Okay, on to Sarah’s story which I am posting without permission but since it was on FB, that is good enough for me.
“Steve and I joke about giving people the "teacher death look." I just returned from the BV area post office where I not only gave the look, but also the lecture. After scraping months of glue off of tables, and getting cut off in traffic on the way to the post office, this lady walked right up past all the people in line and stepped in front of me (I was up next). I normally would be like "Whatever. You must have issues." But this time, I stepped forward, turned my head, gave her the look and said "Do you see me standing here?" "DID you see me standing here?" After she said yes to both, I asked "Do you see all these people in line behind me? They were here before you as well. If you would like to get to this point in the line, you need to go BACK to the end of the line and GET in line." She did.”

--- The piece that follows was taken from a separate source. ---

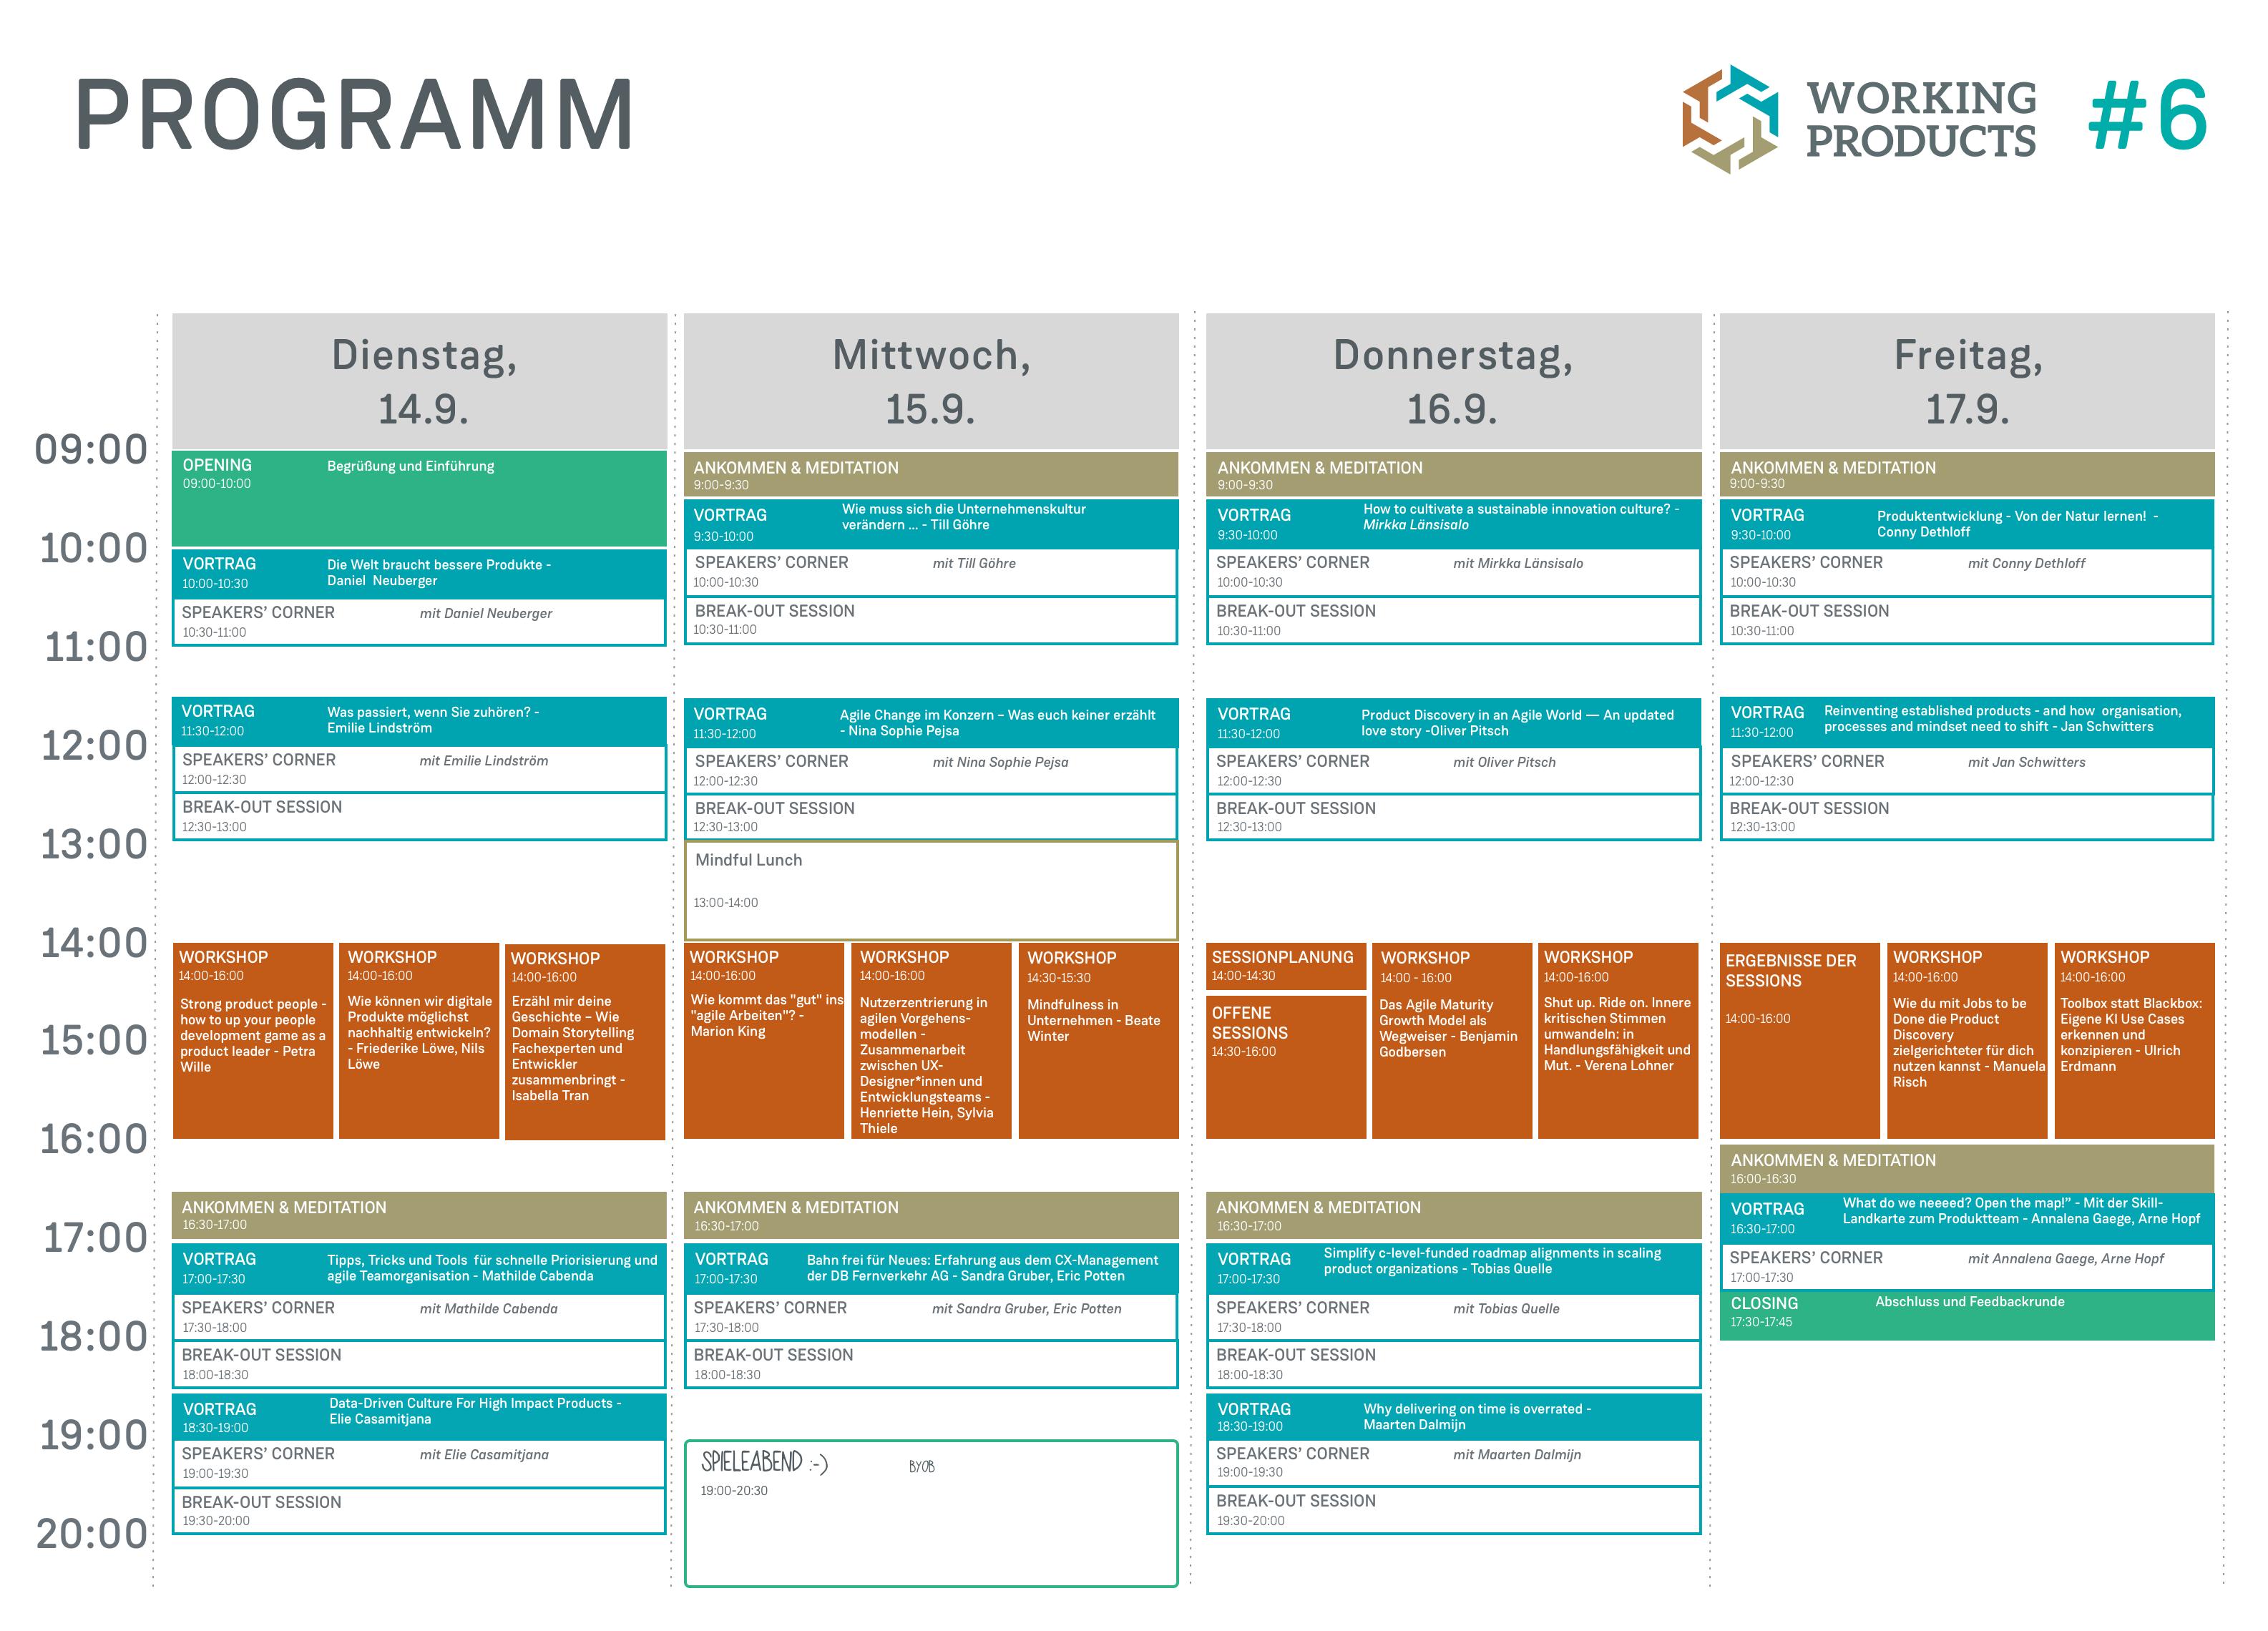 Programm der Working Products Konferenz 2021
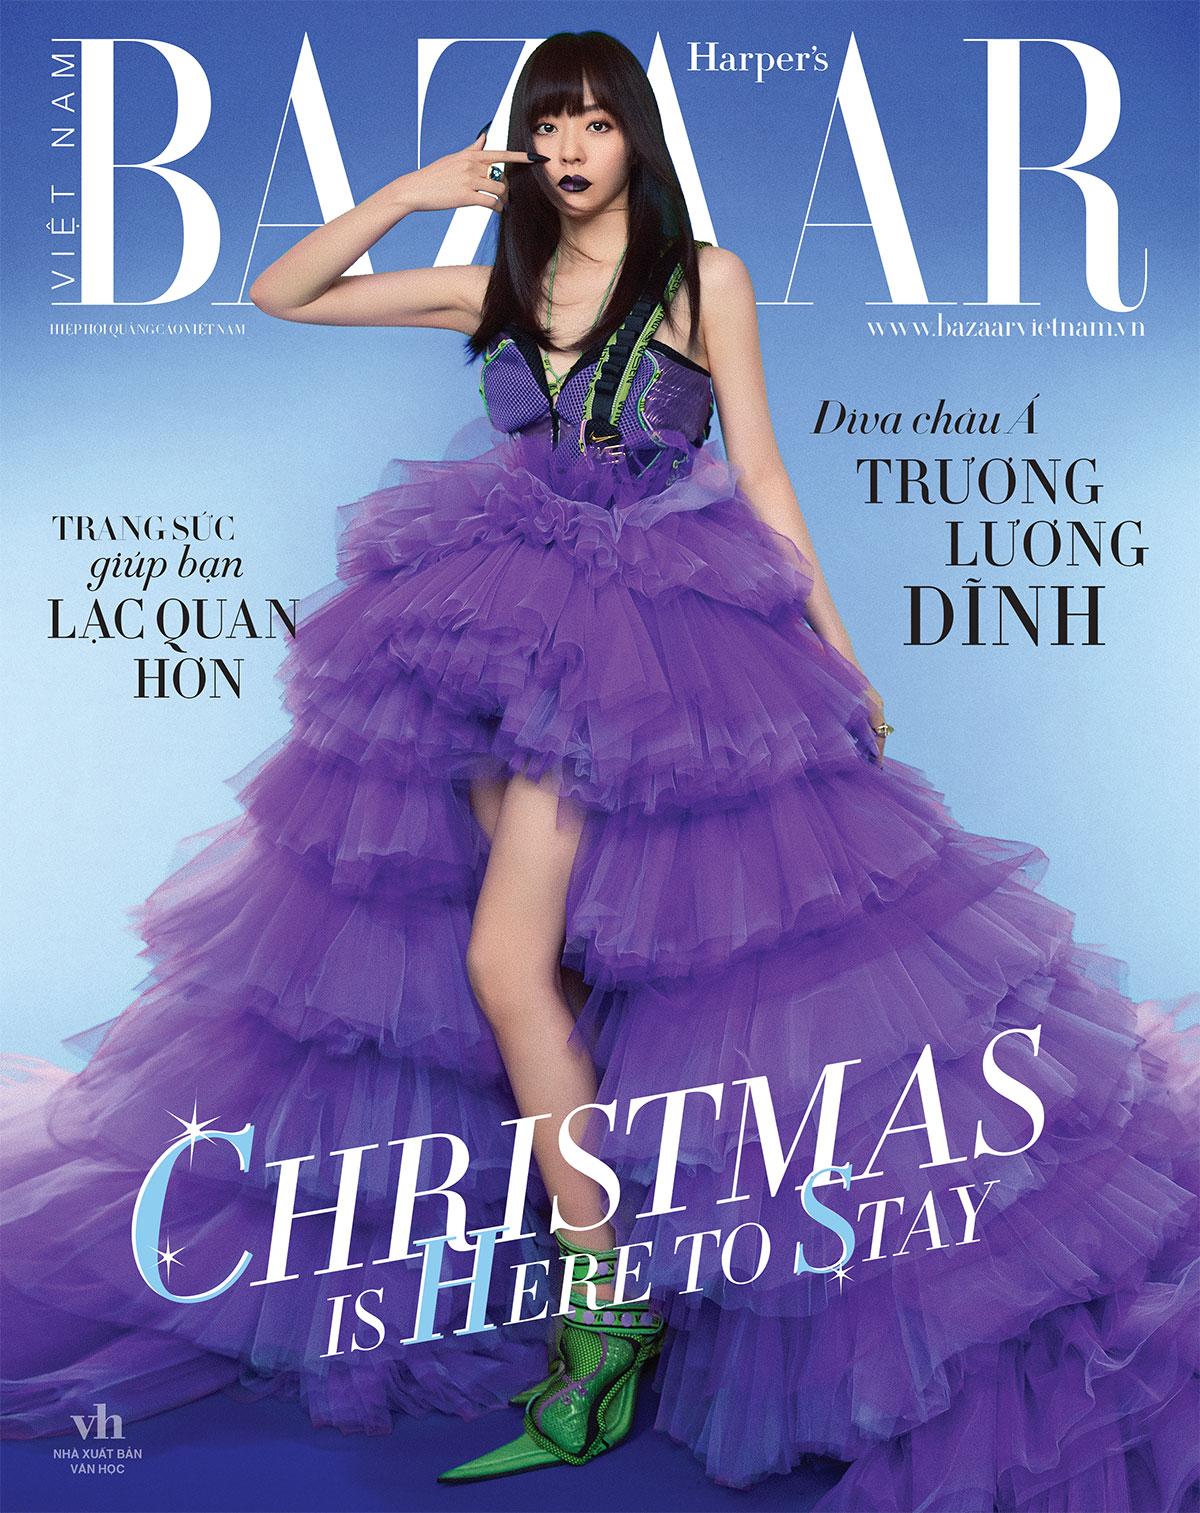 Trương Lương Dĩnh trên bìa Harper's Bazaar Việt Nam 12-2020

Seeing that her posting got 34 comments and 59 thumbs up as of my posting, I can only say that it sounds like a movement may be begging to begin….”Occupy the Eye” shall we say. If you have ever raised kids, especially boys, the “look” comes in quite handy. Girls on the other hand tend to figure out how to give it right back so it must be a genetic thing. Since I have to swing by the post office today, I am now going to go upstairs and practice my “teacher’s eye” in the mirror as mine might be a bit rusty since this is year 22 of maternity leave.